Since Our Problem is to translate videos (sequence of frames) into sentences (sequence of words and characters), which is a seq2seq problem, so we have to use a state-of-art models like Transformers which is much better than LSTM, CRNN, or RNN.
Sign Language Translation
You Can find the data that I worked on here: Data
Inference is performed by starting with an SOS token and predicting one character at a time using the previous prediction.
Inference requires the encoder to encode the input frames and subsequently use that encoding to predict the 1st character by inputting the encoding and SOS (Start of Sentence) token. Next, the encoding, SOS token and 1st predicted token are used to predict the 2nd character. Inference thus requires 1 call to the encoder and multiple calls to the encoder.
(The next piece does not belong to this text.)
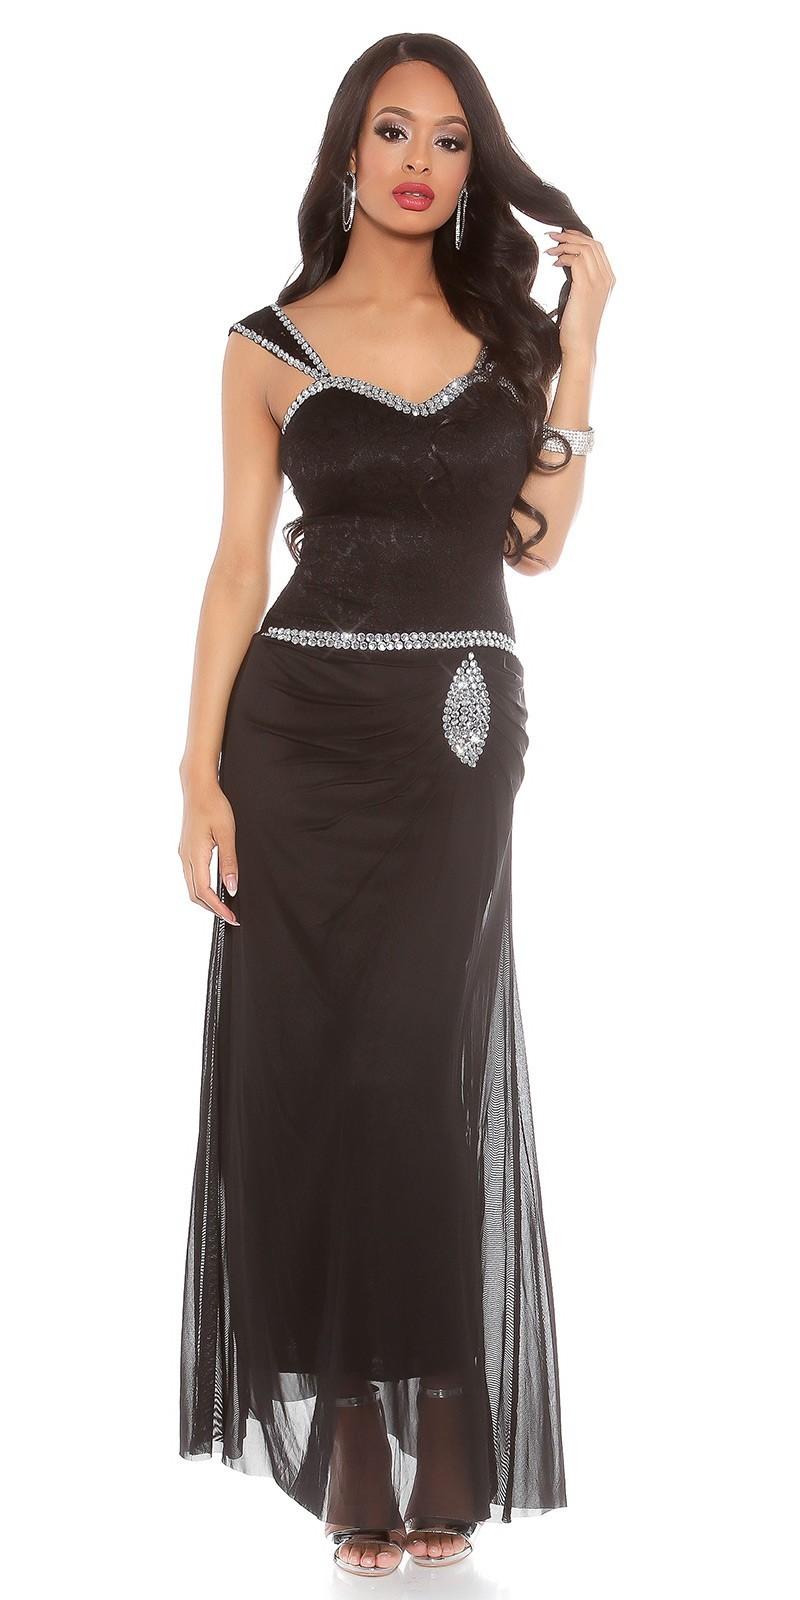 8e6b26a4dad9 Spoločenské šaty zdobené kamienkami Black – Sissy Boutique

On average a phrase is 18 characters long, requiring 18+1(SOS token) calls to the decoder.
Some inspiration is taken from the 1st place solution - training from the last Google - Isolated Sign Language Recognition competition.
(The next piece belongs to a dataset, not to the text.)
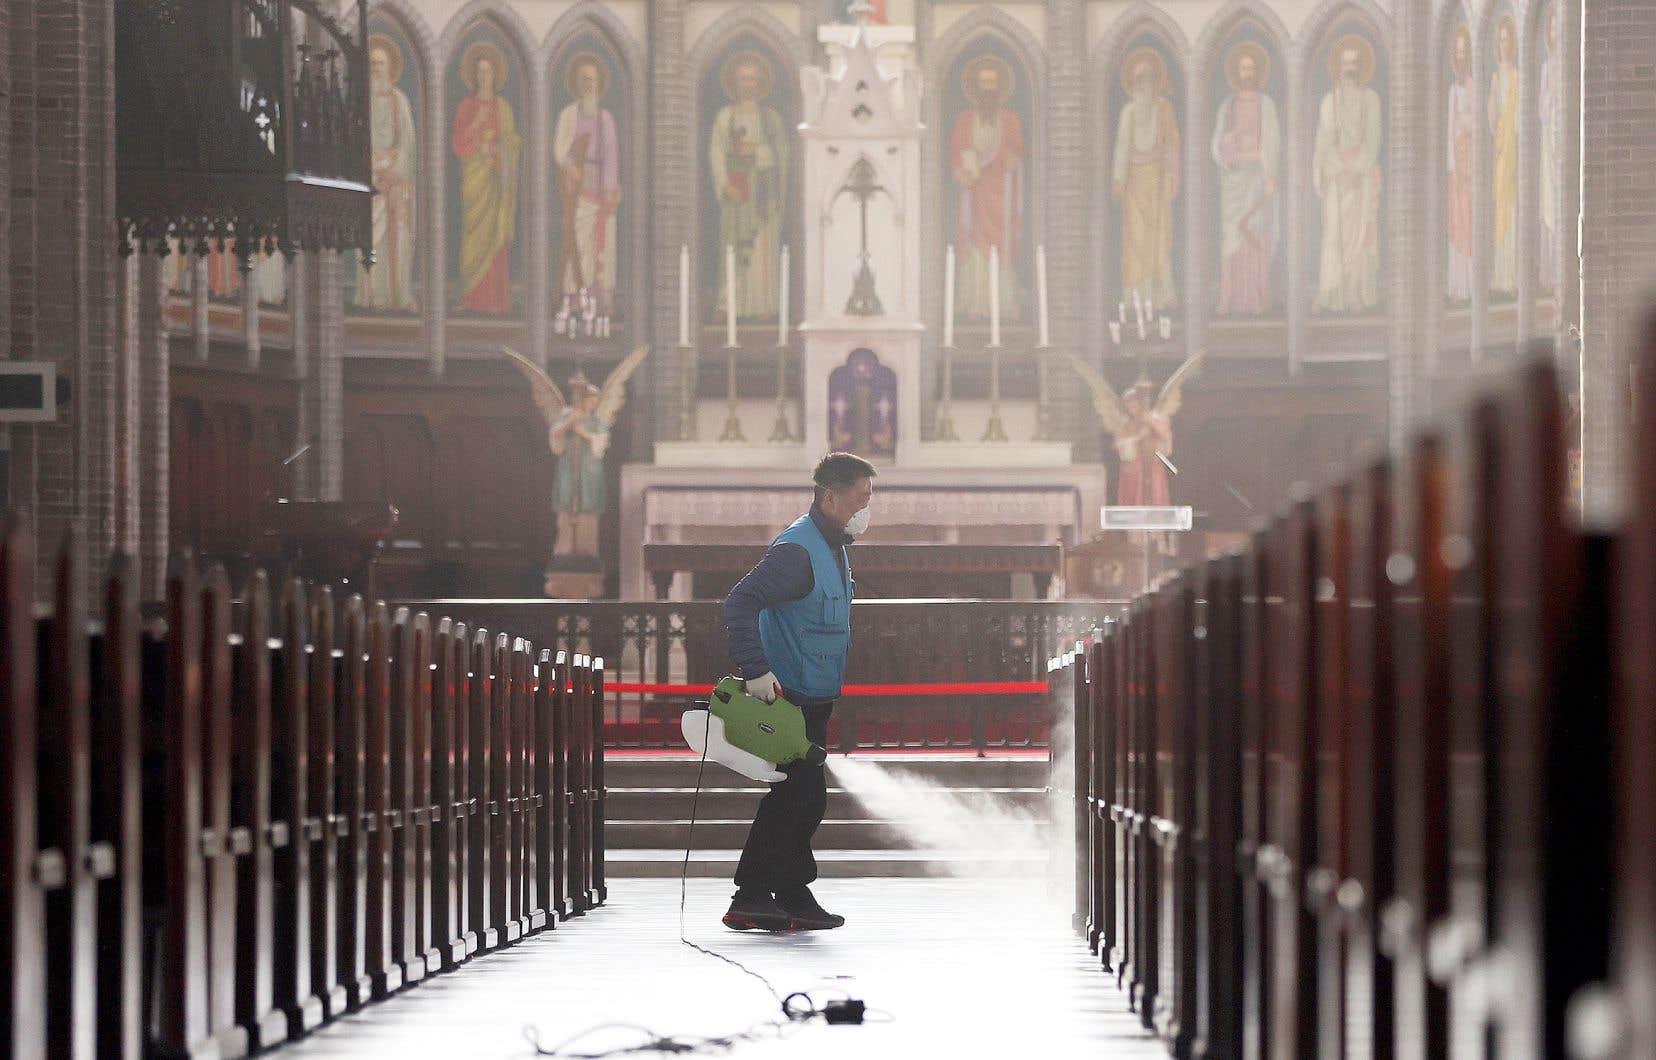 Un homme désinfectait les bancs de la cathédrale de Myeongdong, à Séoul, mercredi. La Corée du Sud reste le premier foyer de contamination après la Chine, avec près de 1600 cas répertoriés.

Special thanks for all of these guys, Many many thanks to them:
https://www.kaggle.com/competitions/asl-fingerspelling/discussion/434364
[1st place solution] Improved Squeezeformer + TransformerDecoder + Clever augmentations: https://www.kaggle.com/competitions/asl-fingerspelling/discussion/434485
[5th place solution] Vanilla Transformer, Data2vec Pretraining, CutMix, and KD: https://www.kaggle.com/competitions/asl-fingerspelling/discussion/434415
https://www.kaggle.com/code/gusthema/asl-fingerspelling-recognition-w-tensorflow
This man helps me alot: https://www.kaggle.com/competitions/asl-fingerspelling/discussion/411060
You can find my Neptune Project here: Neptune.ai
There are two approaches that I tried to solve this Problem, Note: I used TensorFlow library for building these two architectures:
The processing is as follows:
-
Select dominant hand based on most number of non empty hand frames.
-
Filter out all frames with missing dominant hand coordinates.
-
Resize video to 256 frames.
-
Excluding samples with low frames per character ratio.
-
Added phrase type(Phone Number, URL, Address).
Tranformer Model 4.887.936 Million Parameters(Embedding+ Landmark Embedding+ Encoder(2 Encoder Blocks)+ Decoder(2 Decoder Blocks)+ 4 Attention Heads in Encoder and Decoder+ Causal Attention Masking), without Data Augmentation, Lips/Right_HAND/Left_HAND landmarkes, X/Y only without z, Preprocessing (Fill Nan with zeroes/ Filtering Empty Hand Frames/ PAD to zeros/Downsampling resize image to 128)), 100 Epochs, POD/SOS/EOS Tokens Used, 64 Batch Size, learning rate= 0.001, Weight Decay Ratio = 0.05, Maximum Phrase length 31+1 EOS Token, splitting 10% of the data into val_dataset and the other is for training.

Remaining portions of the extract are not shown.